In this paper, a high-precision three-dimensional indoor position and orientation measurement method is proposed, which can be used for indoor navigation. We design a new-style indoor position orientation sensor by using four pairs of linear CCDs and cylindrical lenses, and analyze the field of vision of the position orientation sensor. The proposed indoor POS can estimate the 3D coordinate of the infrared LED anchors, after acquiring the coordinate value of at least three anchors sequentially in the POSCS, the Rodrigues coordinate transformation algorithm is used to estimate the position and orientation of the POS simultaneously. The position and orientation measurement method is performed via simulation. Thirty-six infrared LEDs are employed in simulation model space with dimensions of 5000 mm × 5000 mm × 3000 mm. The maximum value of position error and orientation error during simulation are 0.06 mm and 0.01°, respectively. The simulation result indicates the feasibility and high accuracy of the proposed method. The POS proposed in this paper is robust and can resist certain system failures, which is an alternative for indoor navigation.
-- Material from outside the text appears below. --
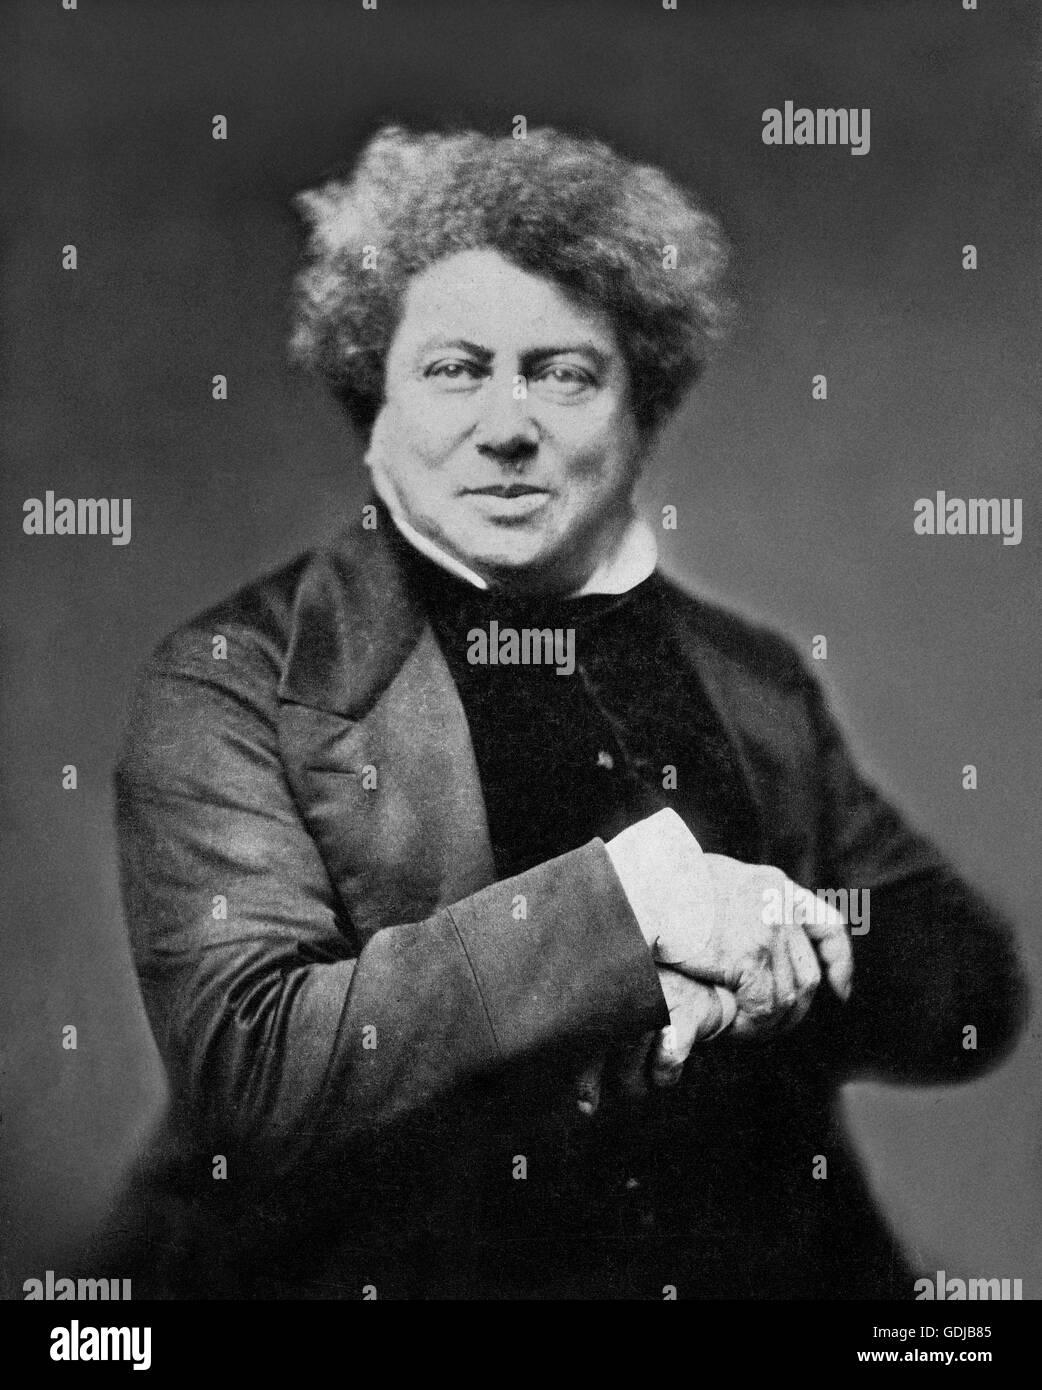 Alexandre Dumas. Portrait of the French writer, Alexandre Dumas, père (1802-1870), famous for works such as - Stock Image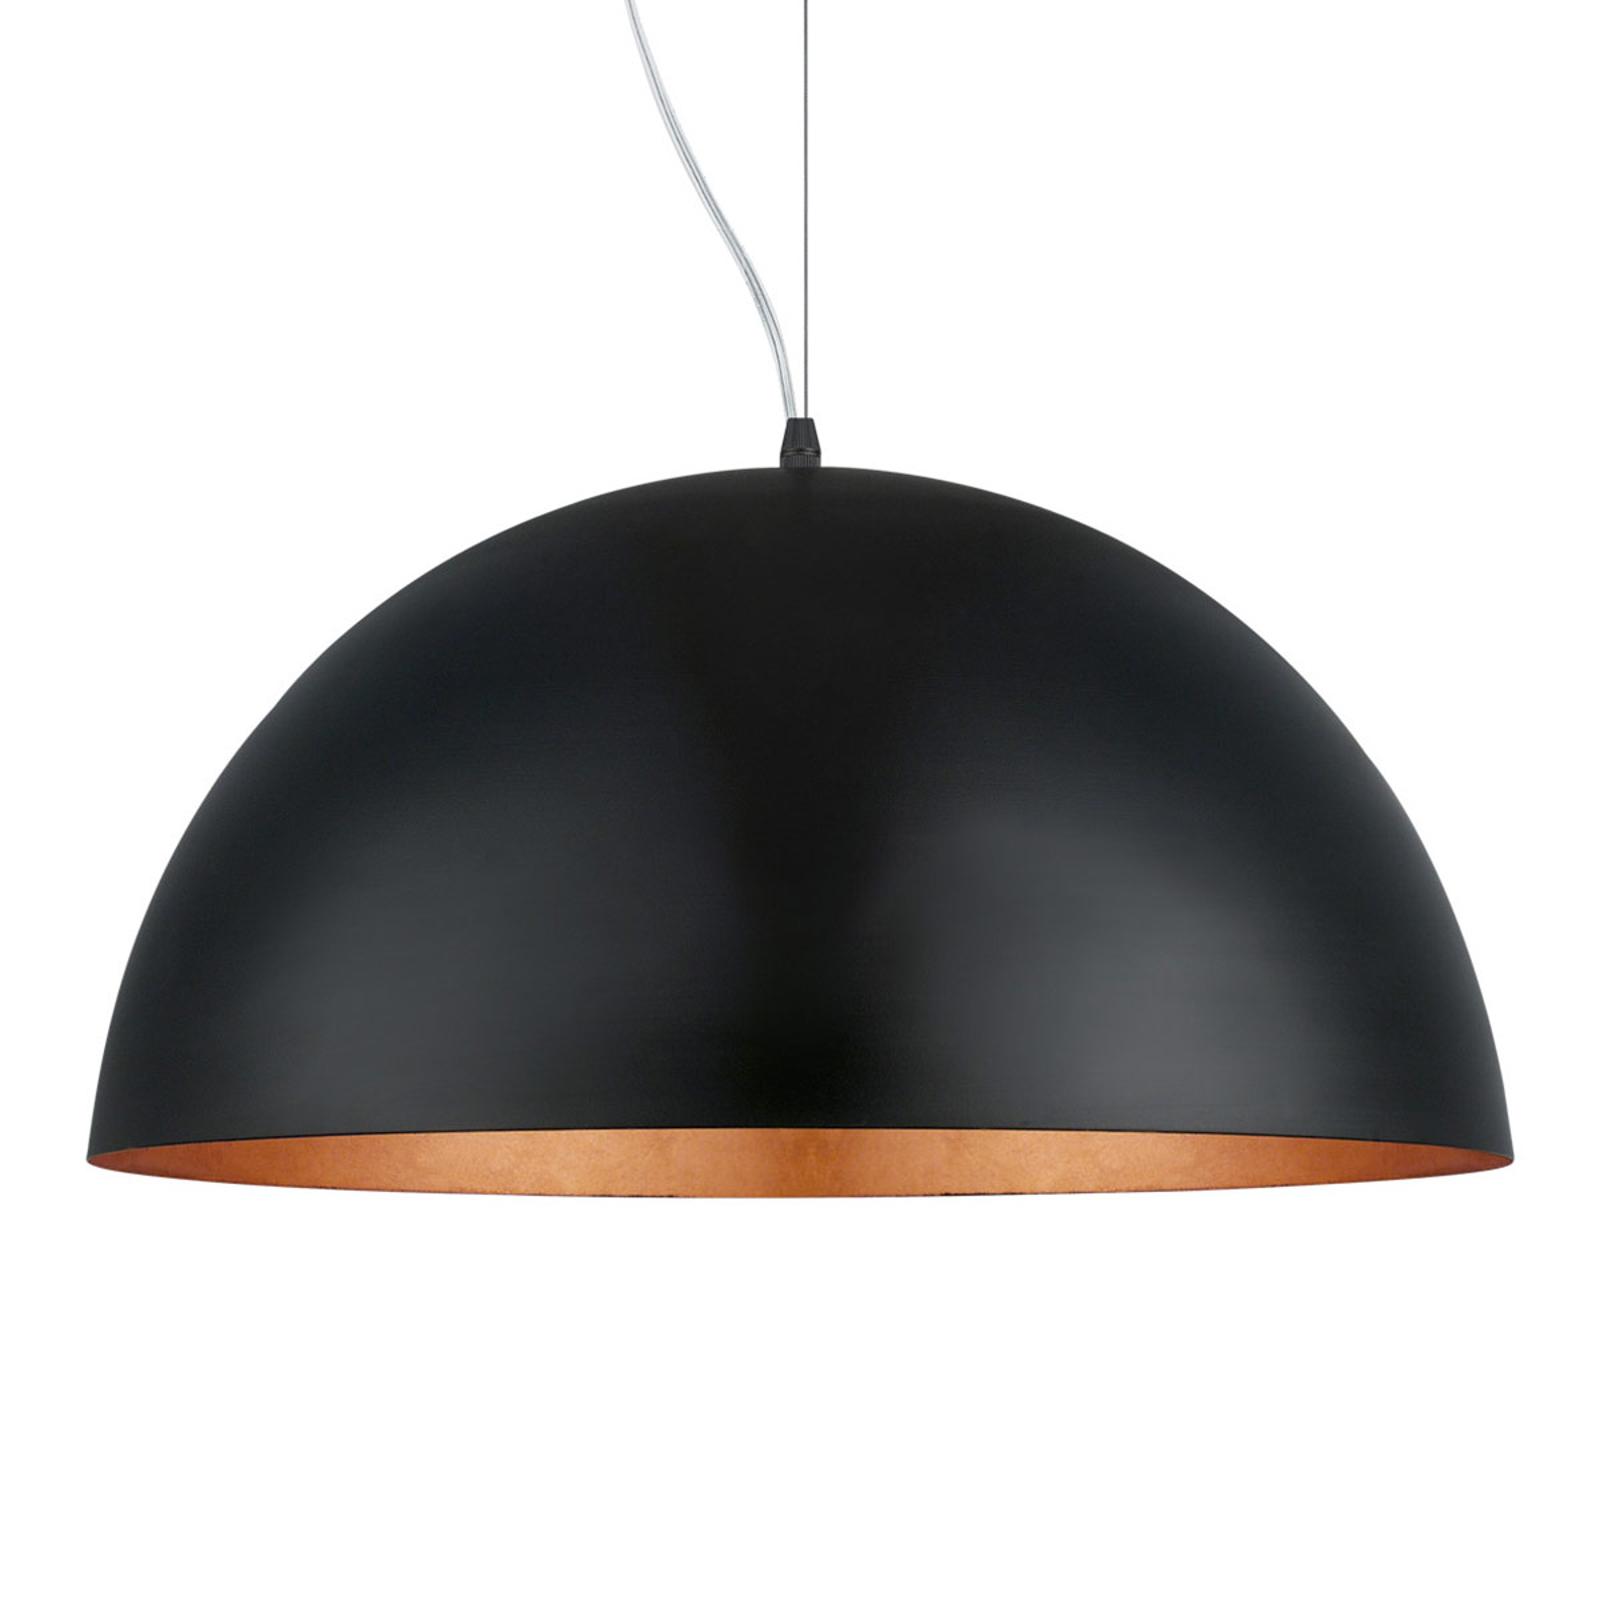 Image of: Gaetano 1 Hanging Light Black Copper Lights Co Uk

There are two fundamental steps for the whole system to work properly. In this paper, we mainly elaborate on the POS operating principle and demonstrate the feasibility and high accuracy of the designed POS. In order to achieve a wide-range measurement of the indoor positioning and orientation, many anchor nodes will be fixed on the ceiling. However, the designed POS can only measure one anchor at a time in its FOV, so in the second phase, we will study how to design the wireless high-speed synchronous exposure between the infrared LED array and the POS. Meanwhile, we will conduct experiments to verify the proposed methods. Additionally, the architecture of the proposed POS is symmetrical and redundant, and we will study how to realize indoor position and orientation measurements without synchronization.

Due to the fast scanning, high-speed data processing, and precise coordinate measurement characteristics of the linear CCD, this system will be the appropriate candidate for the indoor position and orientation estimation, especially for the fasting moving object such as the flying agent indoors.